The BNLE Hydrophilic Jacketed Peripheral Guidewires are intended to direct a catheter to a desired anatomical location in the peripheral vasculature during diagnostic or interventional procedures. This device is not intended for neurovascular or coronary interventions.

Device Description

The BNLE Hydrophilic Jacketed Peripheral Guidewire is available in 150 cm - 260 cm lengths and in 0.018" - 0.035" diameter ranges. The hydrophilic coated guidewire consists of a nickel-titanium alloy core wire and tungsten infused polyurethane jacket in configurations of wire stiffness and tip shape. The finished guidewire is placed in a dispenser hoop and Tyvek pouch. Five (5) Tyvek pouches are placed into a shelf box with an IFU, and 26 shelf cartons are placed into a shipper box. Labels are placed on the Tyvek pouch and shelf box. The finished product is EO sterilized.

AI/ML Overview

The provided text is a 510(k) summary for a medical device (BNLE Hydrophilic Jacketed Peripheral Guidewire). It does not describe a study involving an AI/Machine Learning device or a diagnostic device that would have acceptance criteria related to accuracy metrics like sensitivity, specificity, or AUC, nor does it involve expert readers establishing ground truth.

Instead, this document details the substantial equivalence of a physical medical device (a guidewire) to a predicate device. The "performance testing" described is for the physical and biological characteristics of the guidewire itself, not for an algorithm's performance.

Therefore, most of the requested information (e.g., sample size for test/training sets, experts for ground truth, MRMC study, standalone algorithm performance, AI-related ground truth types) is not applicable to this document.

However, I can extract the acceptance criteria and performance as described for this physical device.

Acceptance Criteria and Device Performance (for a physical medical device - Guidewire)

Since this document pertains to a physical medical device (a guidewire) and not an AI/diagnostic algorithm, the "acceptance criteria" discussed are related to the device's physical and biocompatibility characteristics. The document doesn't provide specific numerical acceptance criteria or performance metrics for each test, but it states the overarching conclusion that the device "met all predetermined acceptance criteria."

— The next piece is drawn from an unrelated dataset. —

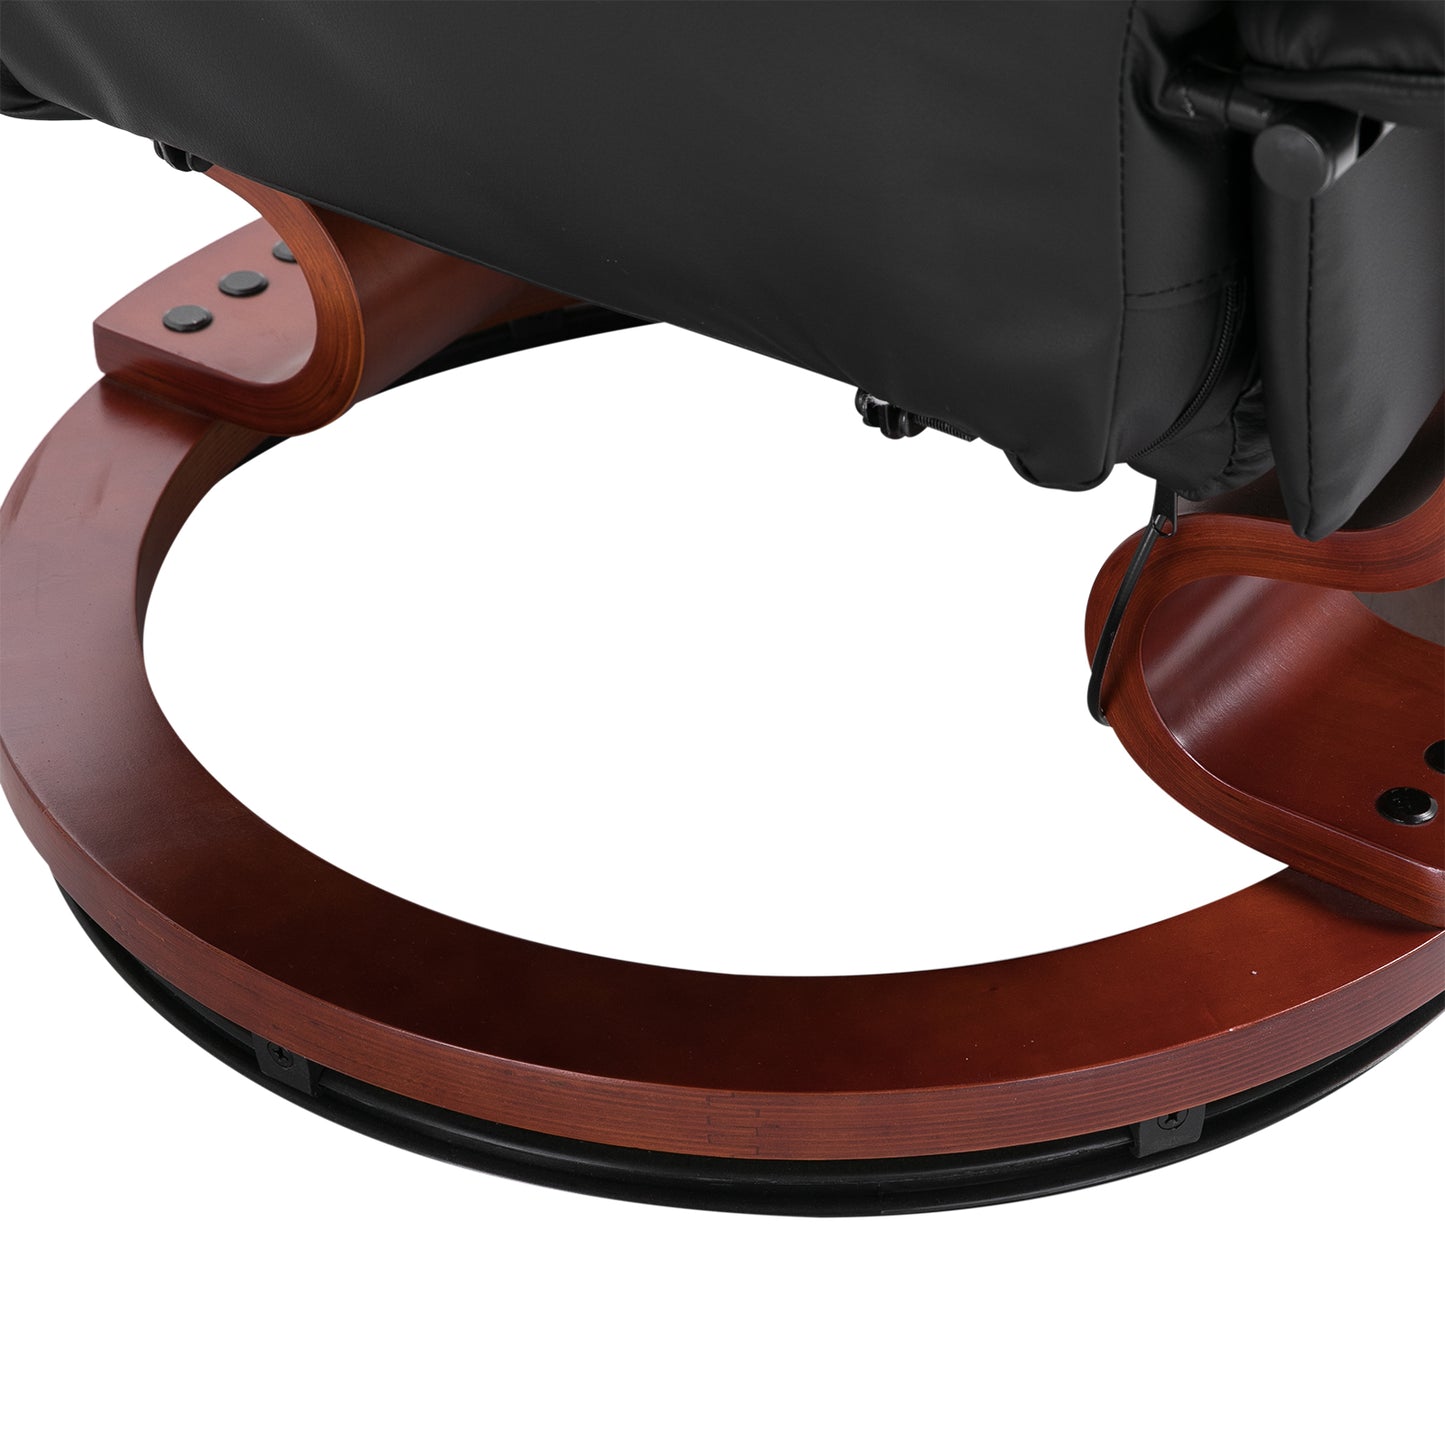 HOMCOM Recliner Chair, PU Leather, 78Wx87Dx100H cm-Black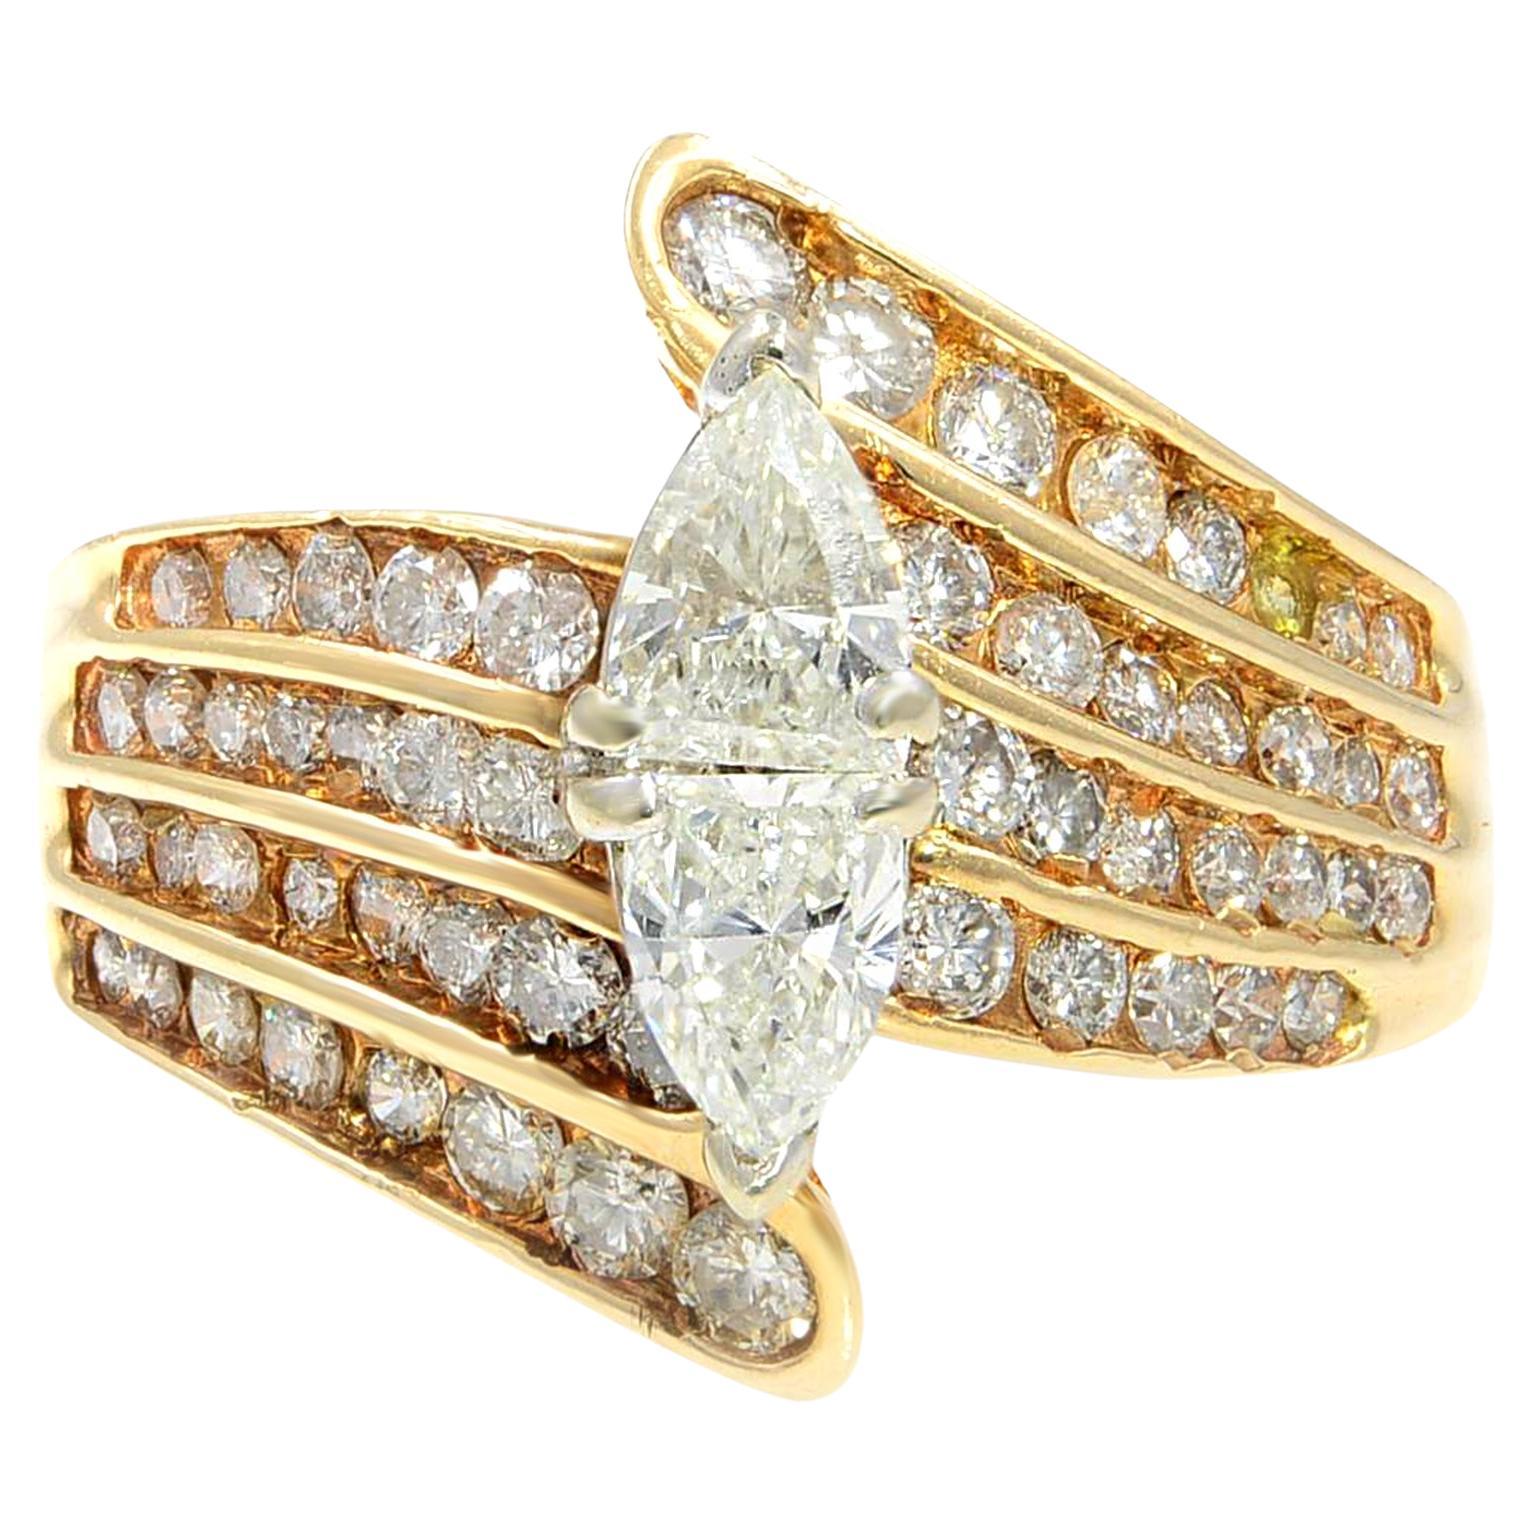 Rachel Koen Marquise Illusion Diamond Engagement Ring 14K Gold 1.75 Cttw SZ 6.75 For Sale

1. Table of Acceptance Criteria and Reported Device Performance:

Acceptance Criteria Category	Reported Device Performance
Physical Performance Tests	Met all predetermined acceptance criteria
Visual Inspection	Pass
Dimensional	Pass
Device Compatibility	Pass
Tensile	Pass
Torqueability	Pass
Torque Strength	Pass
Kink Resistance	Pass
Flex Resistance	Pass
Fracture Resistance	Pass
Tip Flexibility	Pass
Radiopacity	Pass
Particulate Evaluation / Coating Integrity	Pass
Lubricity and Durability	Pass
Biocompatibility Tests (per ISO 10993-1 for external communicating device, limited (<24 hour) blood contacting device)	Met all predetermined acceptance criteria
Cytotoxicity (L929 MEM Elution)	Pass
Maximum Sensitization	Pass
Irritation (Intracutaneous Reactivity)	Pass
Systemic Toxicity	Pass
Material Mediated Pyrogen	Pass
Hemolysis (Extract and Direct Contact)	Pass
Complement Activation Assay	Pass
Thrombogenicity (in Canine)	Pass
Chemical Characterization	Pass
Overall Conclusion	No new concerns regarding safety or efficacy.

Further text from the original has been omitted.